Abstract.  Accelerated Experiential Dynamic Psychotherapy (AEDP) is an attachment-based, experiential and transformational treatment model whose theory, procedures and maps are ideally suited to address and treat relational trauma, which often underlies the motivation of patients to seek psychotherapy. AEDP’s therapeutic stance is one that employs corrective emotional and relational experiences to help patients know they exist in the heart and mind of another. Yet, to enter this kind of explicit relationship can be daunting for patients with insecure attachment styles, whose adaptive strategies become defensive shields to protect them from further relational wounding. This can be challenging for the therapist and patient alike. This paper is part of a larger project on how to differentially apply AEDP’s comprehensive model to treat attachment wounding, given the distinct formations of each attachment style. The paper starts with a brief summary of attachment theory and styles, and how AEDP applies and adapts the theory to therapeutic work. The grids I developed are then introduced to help match defenses and interventions to attachment style, to help orient and guide the therapist. The first grid shows detailed configurations of defense and affect regulation strategies for each attachment style. The second grid identifies the configuration of secure attachment as applied to the psychotherapy relationship. The third grid identifies specific interventions and targets specific goals to mobilize optimal transformations for each style. Here, transcripts illustrate how these AEDP interventions can be optimally attuned to patient attachment style.


The first time I introduced attachment styles and working with attachment in an AEDP Essential Skills course, the question came, “But what do you do with the patients who have these different attachment styles?” That question and others like it launched me to undertake this project of tailoring treatment to meet the distinct presentations of each attachment style. Excited to inquire phenomenologically, I set out to explore what I was doing in the process of treatment with my patients. This paper is the net result of studying each attachment style’s specific and contrasting elements.  It remains a work in progress.

AEDP’s comprehensive theory is a profound match for the healing of the relational trauma that underlies insecure attachment. The AEDP therapist is theoretically poised and methodically trained to build a secure attachment in the therapeutic relationship, which provides an essential base for treatment (Bowlby, 1988; Fosha, 2000). Sometimes, however, a patient’s capacity for security does not easily come online and we find ourselves in the domain of insecure attachment patterns. This paper is designed to address these challenges by bringing greater precision to the understanding of the whole composition of each attachment style. In this paper I will first provide a brief summary of attachment theory and styles, and how AEDP adapts attachment theory and interpersonal neurobiology to psychotherapy practice. I will then discuss the challenges for therapists when insecure attachment shows up in the therapy room, and present the grids to help understand what’s happening and provide a compare/contrast among attachment styles.

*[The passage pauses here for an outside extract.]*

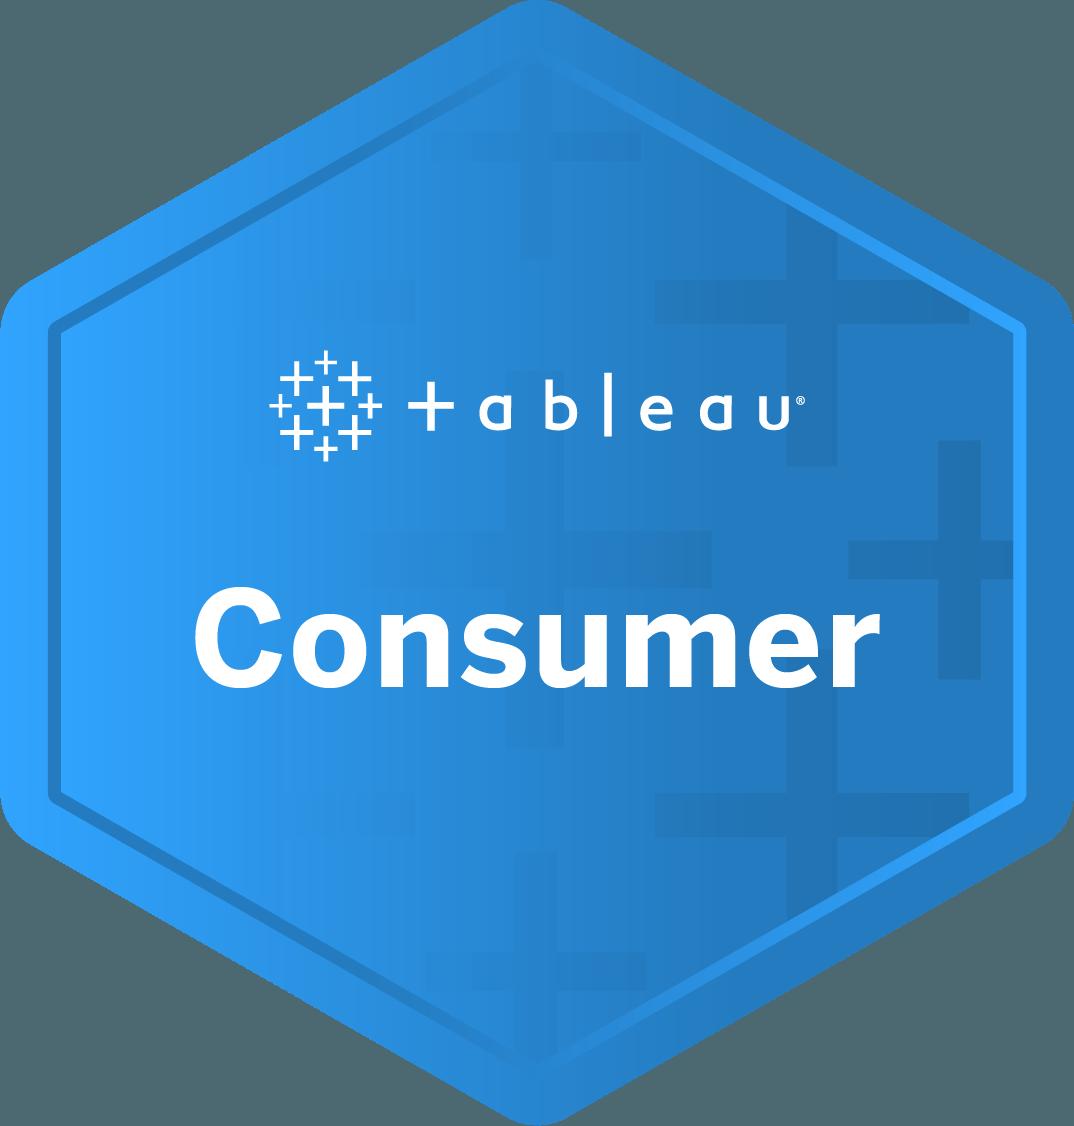 Consumer badge

Lastly, I will explicate interventions tailored to each attachment style, with transcripts of videotape illustrations.[1] My overall intention is to show that when the clinician addresses the particular needs of patients that are paramount to each attachment strategy, treatment can mobilize the specific transformations needed to bring about their “earned secure attachment” [2] (Siegel, 1999).

BOWLBY AND ATTACHMENT THEORY

Attachment theory has its roots in animal studies, i.e., ethology. When John Bowlby was seeking to understand the profound impact of maternal loss and deprivation on young children, he was introduced to and inspired by Konrad Lorentz’s work on how ducks imprint (Bowlby, 1988; Parkes et al., 1991). His studies led him to see how the bond of attachment serves humans across their lifetime. He is known for saying, “Attachment operates from the cradle to the grave,” meaning that human beings need relationships with others throughout our whole lives. We are social creatures and our nervous systems are designed to see and be seen, to care and be cared for, and to participate and belong to family and social groups with others (Adler, 2002; Cozolino, 2006).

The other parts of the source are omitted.